That morning he had dressed himself in new linen throughout. Now he took off the suit he wore and put on one of the new business suits. He opened half a dozen huge bundles of haberdashery which he had purchased within the past week, and began packing them in his trunk: underwear, shirts, socks, collars, cravats, everything brand new and of the choicest quality. He packed away the other new business suit, the Prince Albert, the tuxedo, the dress suit—the largest individual order his tailor had ever received—putting into his trunk and suit-case and traveling-bag not one thing that he had ever worn before; nor did he put into any of his luggage a single book or keepsake, for these things had no meaning to him. When he was completely dressed and packed he went to his mother’s room and knocked on the door. It was her afternoon for the Women Journalists’ Club, and she was very busy indeed over a paper she was to read on The Press: Its Power for Evil.
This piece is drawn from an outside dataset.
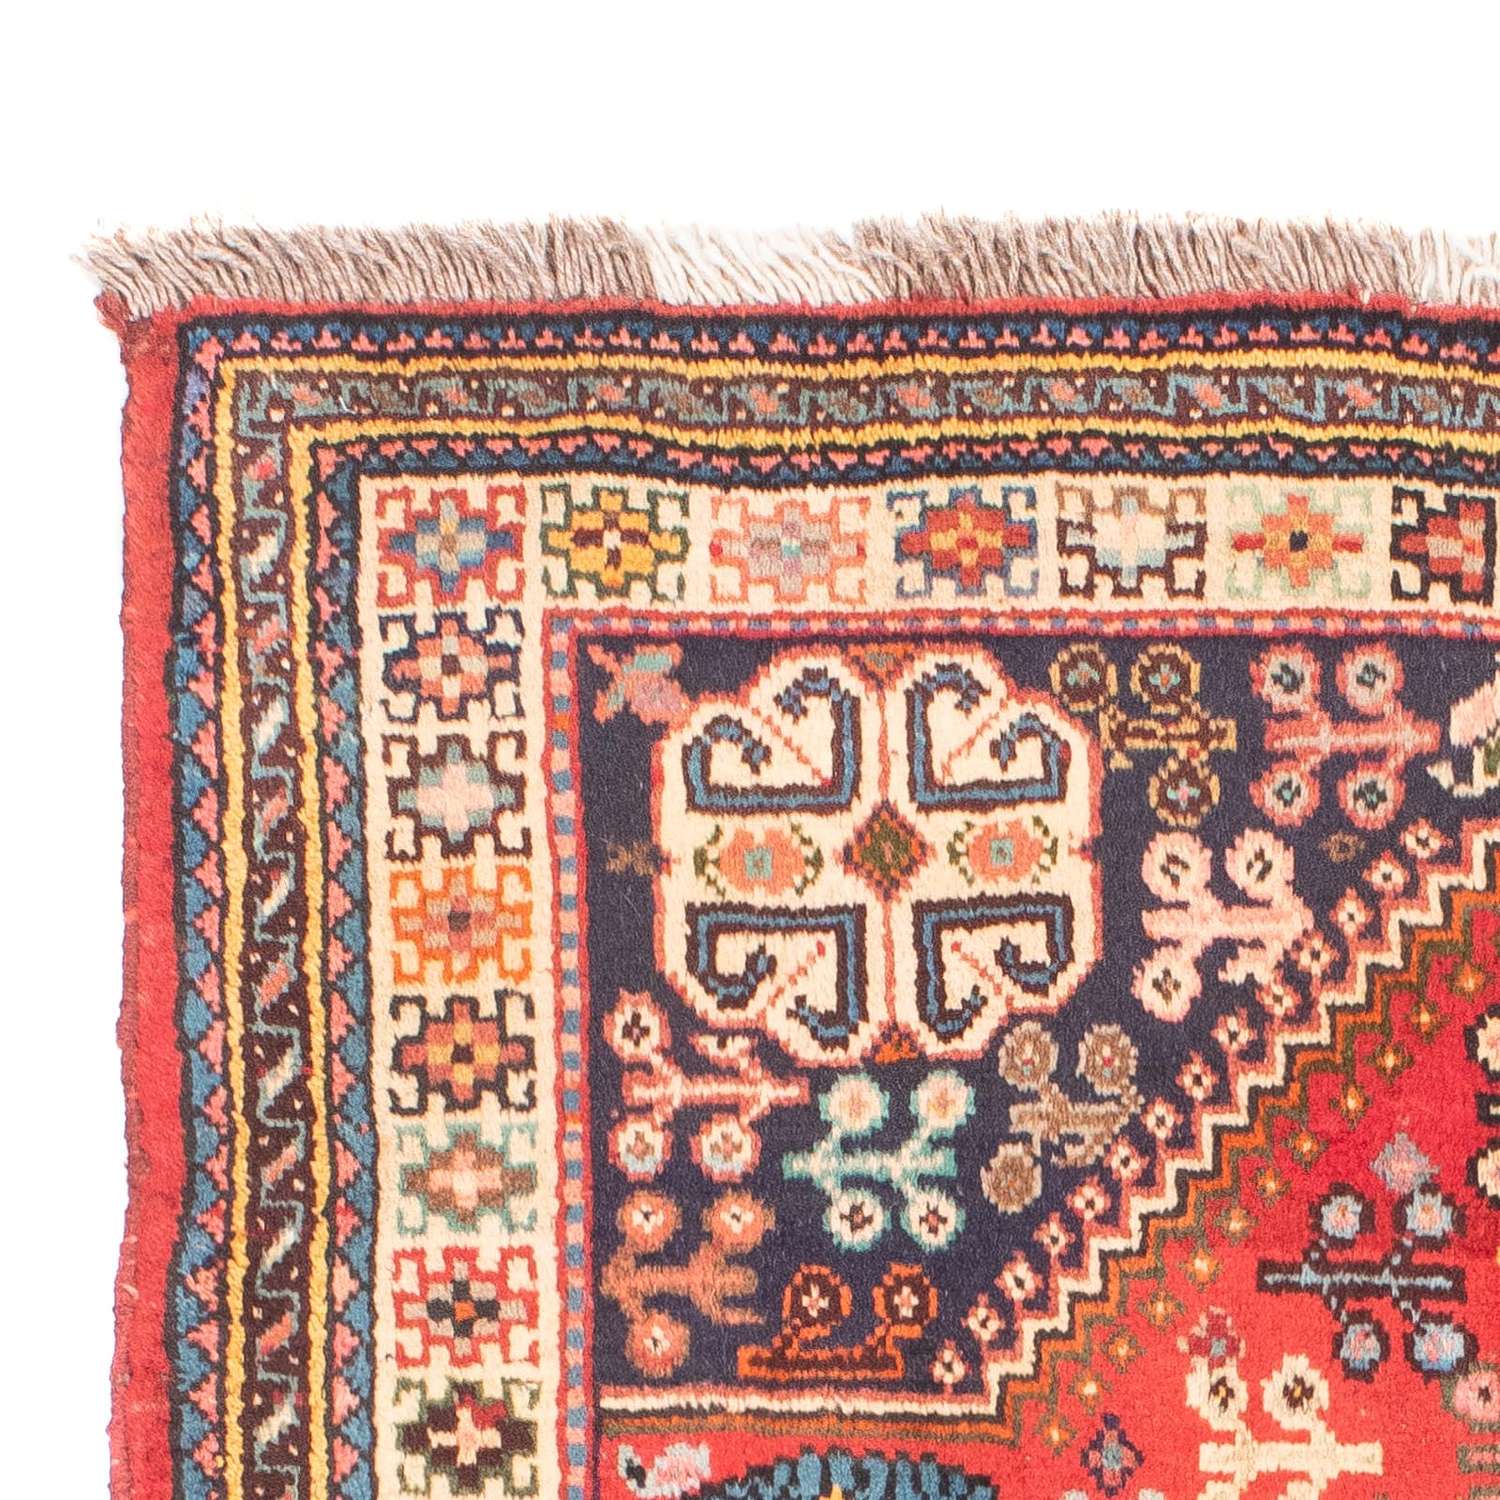 Persisk teppe - Nomadisk - 175 x 110 cm - mørk rød

Naturally, interruptions annoyed her very much.
“Well, what is it, son?” she asked in her level, even tone as he came into the room. Her impatience was very nicely suppressed, indeed.
“I’m going to New York on the six-thirty,” he told her.
“Really, I don’t see how I can spare any money until the fifteenth,” she objected.
“I have plenty of money,” he assured her.
“Oh,” she replied with evident relief, and glanced longingly back at her neatly written paper.
“I can even let you have some if you want it,” he suggested.
“No, thank you. I have sufficient, I am sure, portioned out to meet all demands, including the usual small surplus, up to the fifteenth. It’s very nice of you to offer it, however.”
“You see,” he went on, after a moment’s hesitation, “I’m not coming back.”